At least thirty guns from the Thunderbolt Division opened fire according to target data passed them by the Legion's fire control. Spurts of black smoke with orange hearts leaped like poplars among the Sincanmo positions, shredding camouflage film that had not deceived the Legion's recce package.

A truck blew up. Men were screaming. Vehicles racing back from the slope to load cached necessities skidded uncertainly as their crews wondered whether or not to drive into the shellbursts ahead of them.

The Legion's howitzers ripped out a perfect Battery Three, three shells per gun launched within a total of ten seconds. They were firecracker rounds. The casings popped high in the air, loosing approximately 7,500 bomblets to drift down on the Sincanmo forces.

For the most part, the Sincanmo looters under Chief Diabate didn't know what hit them. A blanket of white fire fell over the vehicles which milled across the plain for fear of Thunderbolt shells. Thousands of bomblets exploded with a ripping sound that seemed to go on forever.

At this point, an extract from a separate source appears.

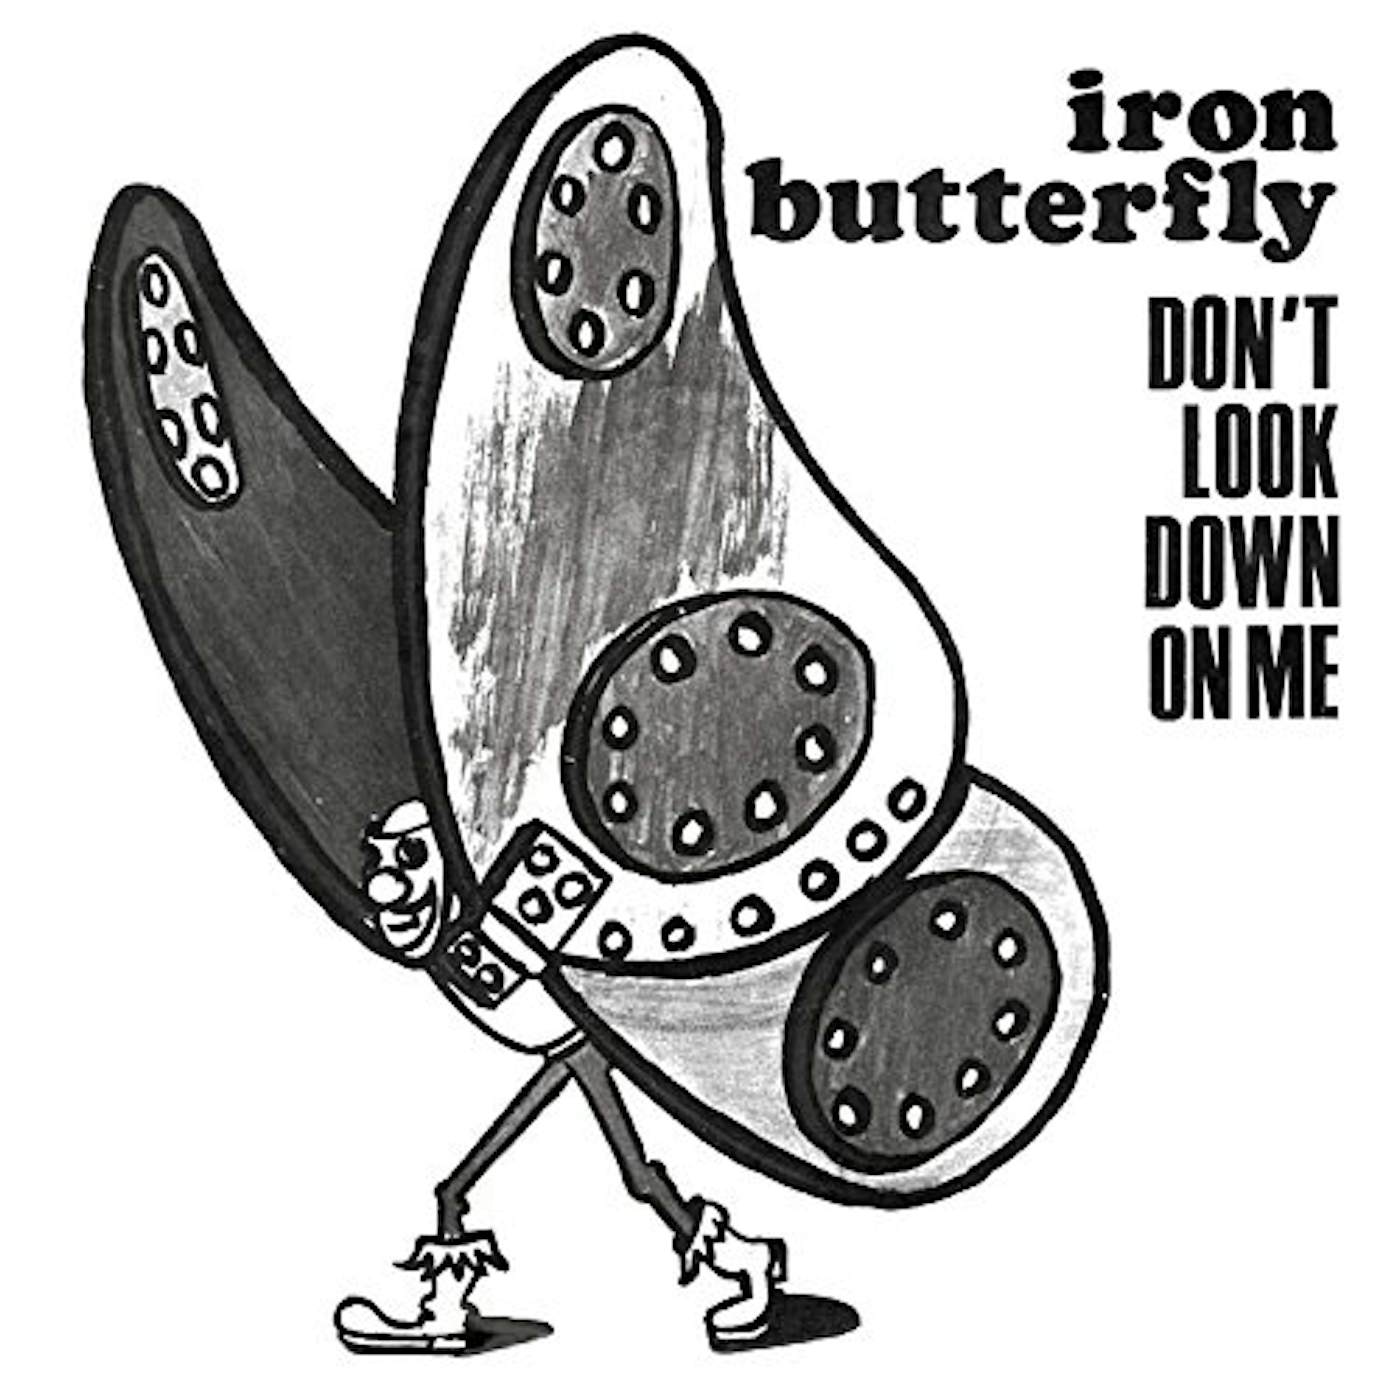 Iron Butterfly DONT LOOK DOWN ON ME Vinyl Record

For those in the broad impact zone, it was forever. Smoke and dust lifted over the soil when the explosive light ceased. A dozen Sincanmo vehicles were ablaze; more crashed and ignited in the following seconds. Only a handful of trucks were under conscious control, though run-while-flat tires let many of the vehicles careen across the landscape with their crews flayed to the bone by glass-filament shrapnel.

Fuel and munitions exploded as the Thunderbolt Division continued to pound the gully positions.A pair of heavy caliber shells landed near H271, but they were overs—no cause for concern. The indigs dying all across the plain provided a perfect stalking horse for the tank in ambush.